On the other hand, Google Chrome has developed a few innovative approaches to security.⁶ First of all, plug-ins such as Shockwave Flash are often a source of security vulnerabilities, which is further exacerbated by users failing to update to the latest versions when they become available. To address this issue, Chrome packages plug-ins along with its own automatic updates that run seamlessly in the background, never providing the user an opportunity to opt-out of valuable security patches. Especially for large, public computing labs not running virtualized software, automatic updates save IT staff time and reduce user confusion. Second, Chrome “sandboxes” plug-ins so that even when vulnerabilities are exploited, they cannot break into the larger operating system environment. Thus problems analogous to malicious ActiveX Controls with too great of privileges are circumvented. Finally, Chrome also works to inform users of site security, from highlighting the “https” prefix in green font beside a safety lock to warning when users are about to visit a malicious website.

It is worth noting that Google's branded version of the Chromium open-source project automatically reports certain information back to the Mountain View-based company, including crash reports, mistyped URLs, the location where Chrome was downloaded, and anything typed into the address bar (or “omnibar” in Chromium-speak). These tracking activities could be circumvented by using SRWare Iron, a fork of the Chromium project that is more or less identical to Chrome but with the Google reporting stripped out and a few additional privacy measures added in. However, Iron does not yet include Chromium's automatic updating mechanism and thus may pose ulterior problems beyond Google's monitoring.

Before Chrome was released to the public in December 2008, Mozilla had long been pioneering safety on the Internet. The Firefox browser comes with a robust private browsing mode and is less susceptible to attacks than Internet Explorer. The fact that both Firefox and Chromium are open-source also enhances their security, since it is easier for savvy users to discover, report, and fix problems. However, perhaps the chief advantage of Firefox is the large number of powerful add-ons that can provide additional security measures to users. Specific add-ons will be recommended below.

Finally, newer and more secure Internet browsing platforms are being designed with security in mind from the start. While security concerns clearly dictated aspects of Chromium's architecture, additional efforts are underway to make even more secure software.
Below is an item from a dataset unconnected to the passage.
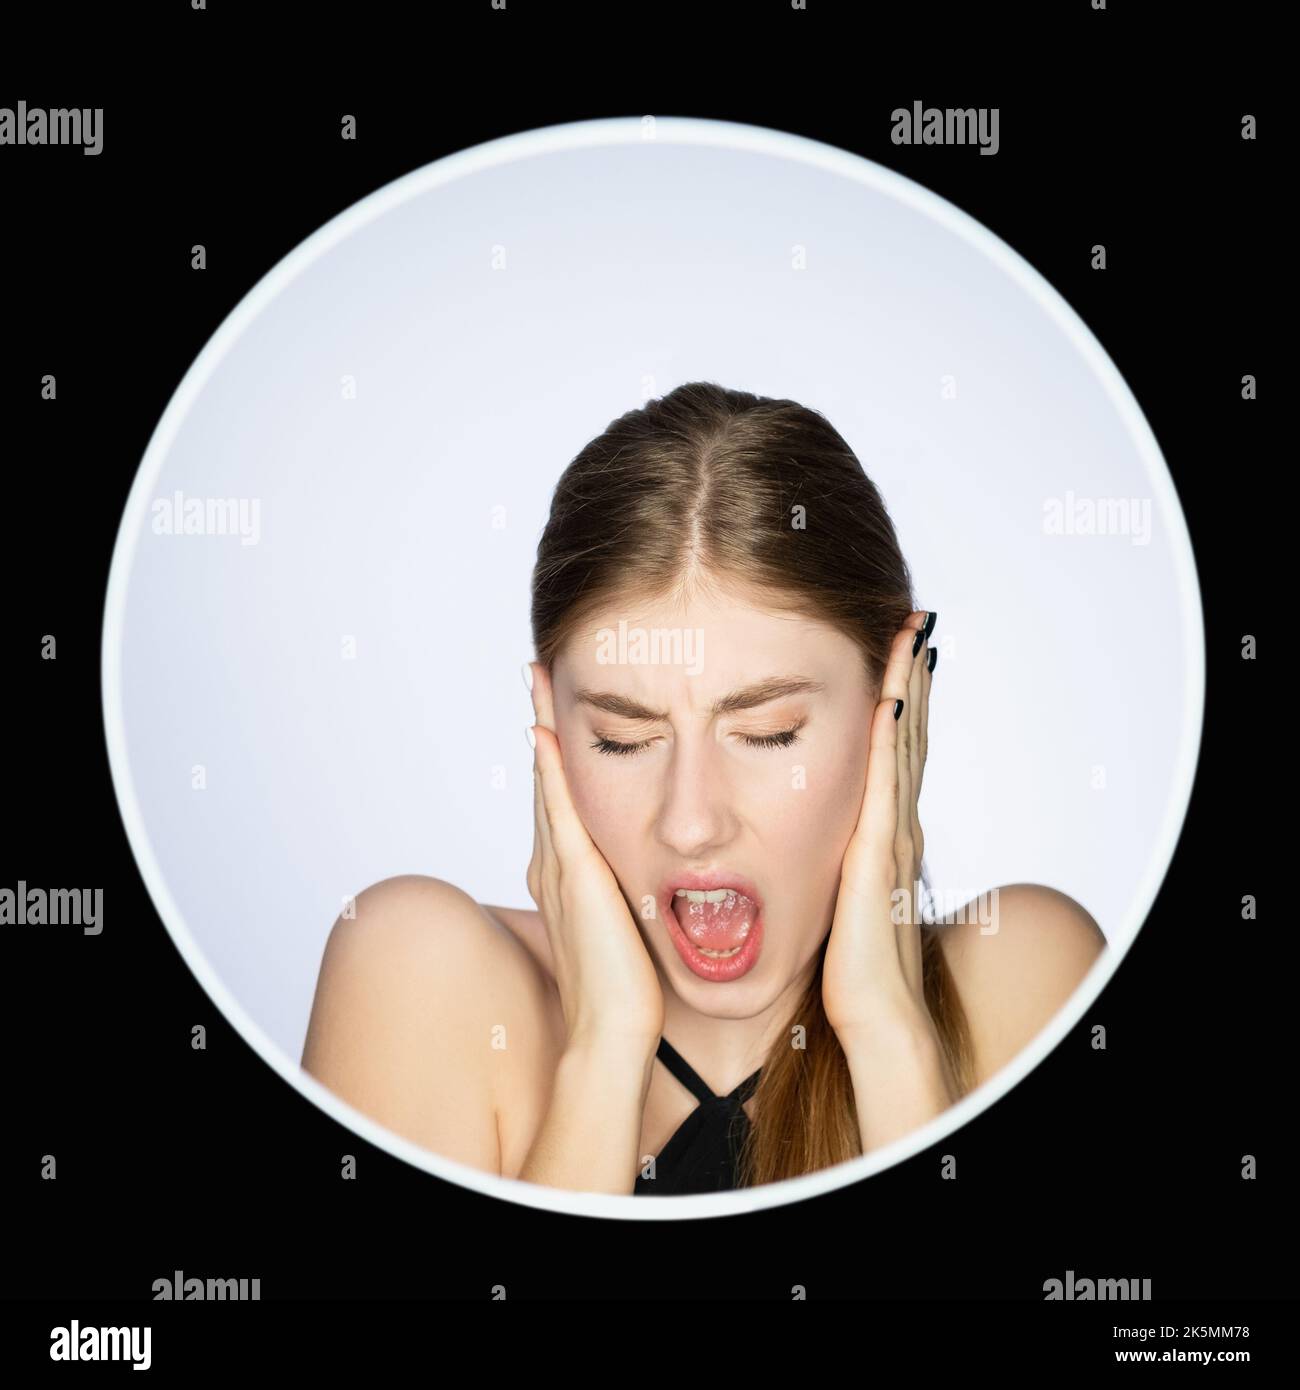 Frustrated woman face. Anxiety attack. Nervous breakdown. Headshot portrait of disturbed annoyed girl yelling covering ears isolated on light in circl Stock Photo

Opus Palladianum (by researchers at the University of Illinois) and Microsoft's Gazelle project both promise to bring a higher level of security to the browser, but neither is available for public trial yet.

Once a library has deliberately chosen a browser, an appropriate configuration can provide a base layer of protection. Selecting a targeted set of user preferences helps users to avoid exposing their data, either to others using the same computer or malicious users who have gained access to their files. The goal is to make the browser as amnesiac as possible while still maintaining usability. Browsing history, download history, form autofill information, and most especially passwords should all be erased each time the browser is exited. Figure 1 shows an example of effective settings in Firefox 4’s Security menu. Both Chrome and Firefox offer private browsing settings that enforce a certain level of privacy: for the most part, closing and reopening a private browsing window will clear all saved information such as logins and history. This is called “Incognito mode” in Chrome and “Private Browsing mode” in Firefox.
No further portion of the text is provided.